Barbieri Andrea, Bursi Francesca, Camaioni Giovanni, Maisano Anna, Imberti Jacopo Francesco, Albini Alessandro, De Mitri Gerardo, Mantovani Francesca, Boriani Giuseppe
Division of Cardiology, Department of Diagnostics, Clinical and Public Health Medicine, Policlinico University Hospital of Modena, University of Modena and Reggio Emilia, 41121 Modena, Italy.
Division of Cardiology, San Paolo Hospital, ASST Santi Paolo and Carlo, Department of Health Sciences, University of Milan, 20142 Milan, Italy.
J Clin Med. 2021 Mar 19;10(6):1279. doi: 10.3390/jcm10061279.
A recently developed algorithm for 3D analysis based on machine learning (ML) principles detects left ventricular (LV) mass without any human interaction. We retrospectively studied the correlation between 2D-derived linear dimensions using the ASE/EACVI-recommended formula and 3D automated, ML-based methods (Philips HeartModel) regarding LV mass quantification in unselected patients undergoing echocardiography. We included 130 patients (mean age 60 ± 18 years; 45% women). There was only discrete agreement between 2D and 3D measurements of LV mass (r = 0.662, r = 0.348, < 0.001). The automated algorithm yielded an overestimation of LV mass compared to the linear method (Bland-Altman positive bias of 13.1 g with 95% limits of the agreement at 4.5 to 21.6 g, = 0.003, ICC 0.78 (95%CI 0.68-8.4). There was a significant proportional bias (Beta -0.22, t = -2.9) = 0.005, the variance of the difference varied across the range of LV mass. When the published cut-offs for LV mass abnormality were used, the observed proportion of overall agreement was 77% (kappa = 0.32, < 0.001).

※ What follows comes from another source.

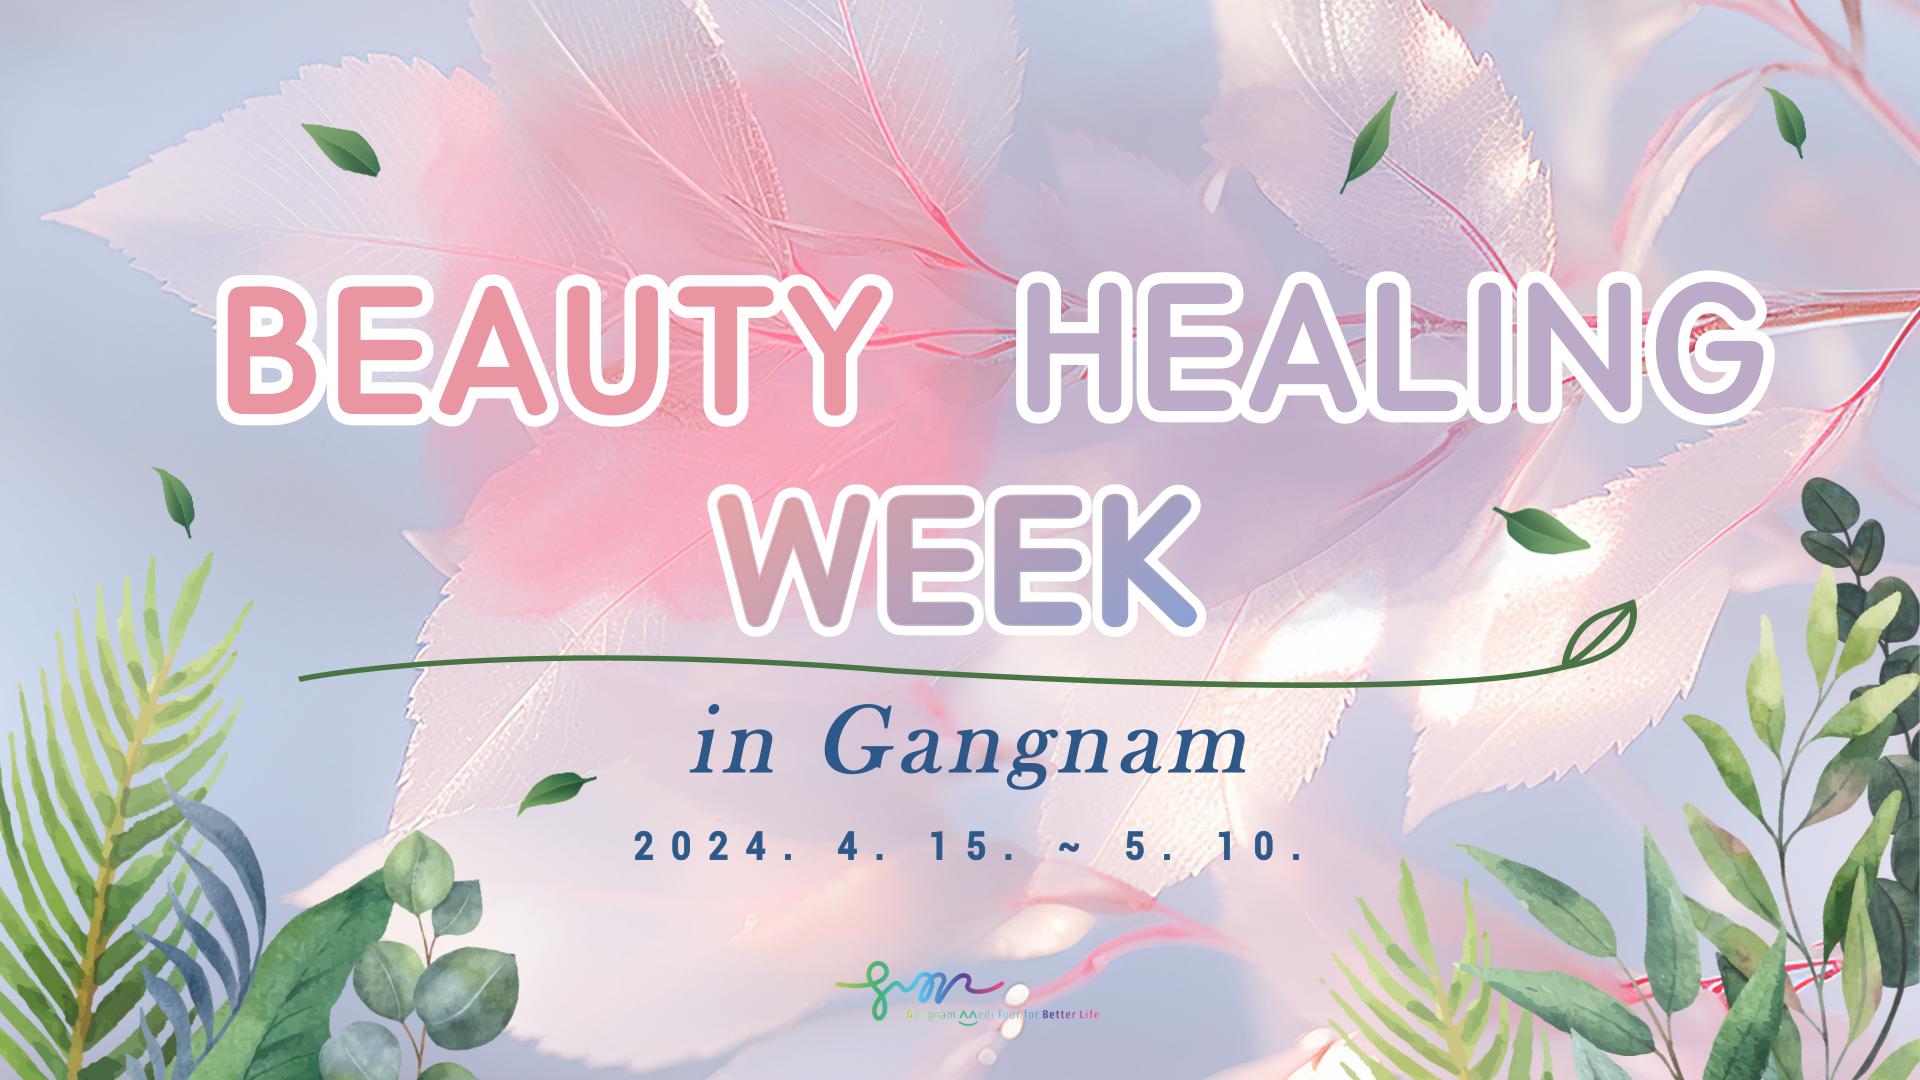 Beauty and Healing Weeks in Gangnam

In consecutive patients undergoing echocardiography for any indications, LV mass assessment by 3D analysis using a novel ML-based algorithm showed systematic differences and wide limits of agreements compared with quantification by ASE/EACVI- recommended formula when the current cut-offs and partition values were applied.
一种最近基于机器学习(ML)原理开发的用于三维分析的算法,无需任何人工干预即可检测左心室(LV)质量。我们回顾性研究了在接受超声心动图检查的未选择患者中,使用ASE/EACVI推荐公式得出的二维衍生线性尺寸与基于ML的三维自动化方法(飞利浦心脏模型)在左心室质量量化方面的相关性。我们纳入了130例患者(平均年龄60±18岁;45%为女性)。左心室质量的二维和三维测量之间仅有离散一致性(r = 0.662,r = 0.348,<0.001)。与线性方法相比,自动化算法高估了左心室质量(布兰德-奥特曼阳性偏差为13.1 g,一致性界限为95%时为4.5至21.6 g,=0.003,组内相关系数0.78(95%CI 0.68 - 8.4)。存在显著的比例偏差(β -0.22,t = -2.9)=0.005,差异的方差在左心室质量范围内有所不同。当使用已公布的左心室质量异常临界值时,观察到的总体一致性比例为77%(kappa = 0.32,<0.001)。在因任何适应症接受超声心动图检查的连续患者中,当应用当前临界值和划分值时,与使用ASE/EACVI推荐公式进行量化相比,使用基于ML的新型算法进行三维分析评估左心室质量显示出系统差异和较宽的一致性界限。